I don't have any concerns about the direction for this charter, but I do
have some suggestions on wording.

Best,

Spencer

On Fri, Feb 7, 2020 at 11:16 AM The IESG <iesg-secretary@ietf.org> wrote:

> The QUIC (quic) WG in the Transport Area of the IETF is undergoing
> rechartering. The IESG has not made any determination yet.
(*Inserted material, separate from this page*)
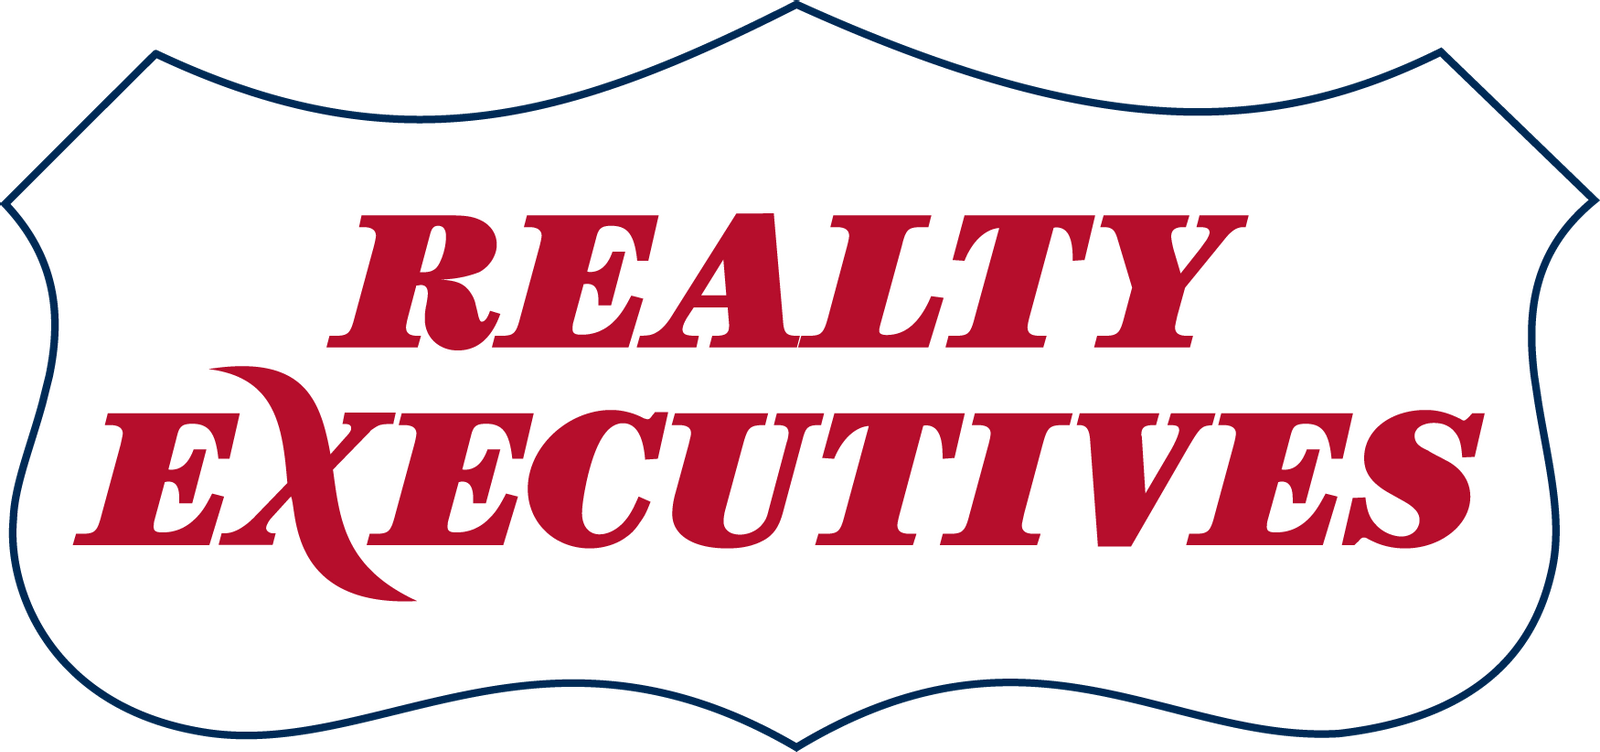 Realty Executives Focus

The following
> draft charter was submitted, and is provided for informational purposes
> only.
> Please send your comments to the IESG mailing list (iesg@ietf.org) by
> 2020-02-17.
>
> QUIC (quic)
> -----------------------------------------------------------------------
> Current status: Active WG
>
> Chairs:
>   Mark Nottingham <mnot@mnot.net>
>   Lars Eggert <lars@eggert.org>
>   Lucas Pardue <lucaspardue.24.7@gmail.com>
>
> Assigned Area Director:
>   Magnus Westerlund <magnus.westerlund@ericsson.com>
>
> Transport Area Directors:
>   Mirja Kühlewind <ietf@kuehlewind.net>
>   Magnus Westerlund <magnus.westerlund@ericsson.com>
>
> Mailing list:
>   Address: quic@ietf.org
>   To subscribe: https://www.ietf.org/mailman/listinfo/quic
>   Archive: https://mailarchive.ietf.org/arch/browse/quic/
>
> Group page: https://datatracker.ietf.org/group/quic/
>
> Charter: https://datatracker.ietf.org/doc/charter-ietf-quic/
>
> The QUIC working group will provide standards-track specifications for a
> UDP-based, stream-multiplexing, encrypted transport protocol, based on
> pre-standardization implementation and deployment experience.
>
> Key goals for QUIC are:
>

I'm wondering when these change from goals to attributes, but maybe the
next major revision is the right time ...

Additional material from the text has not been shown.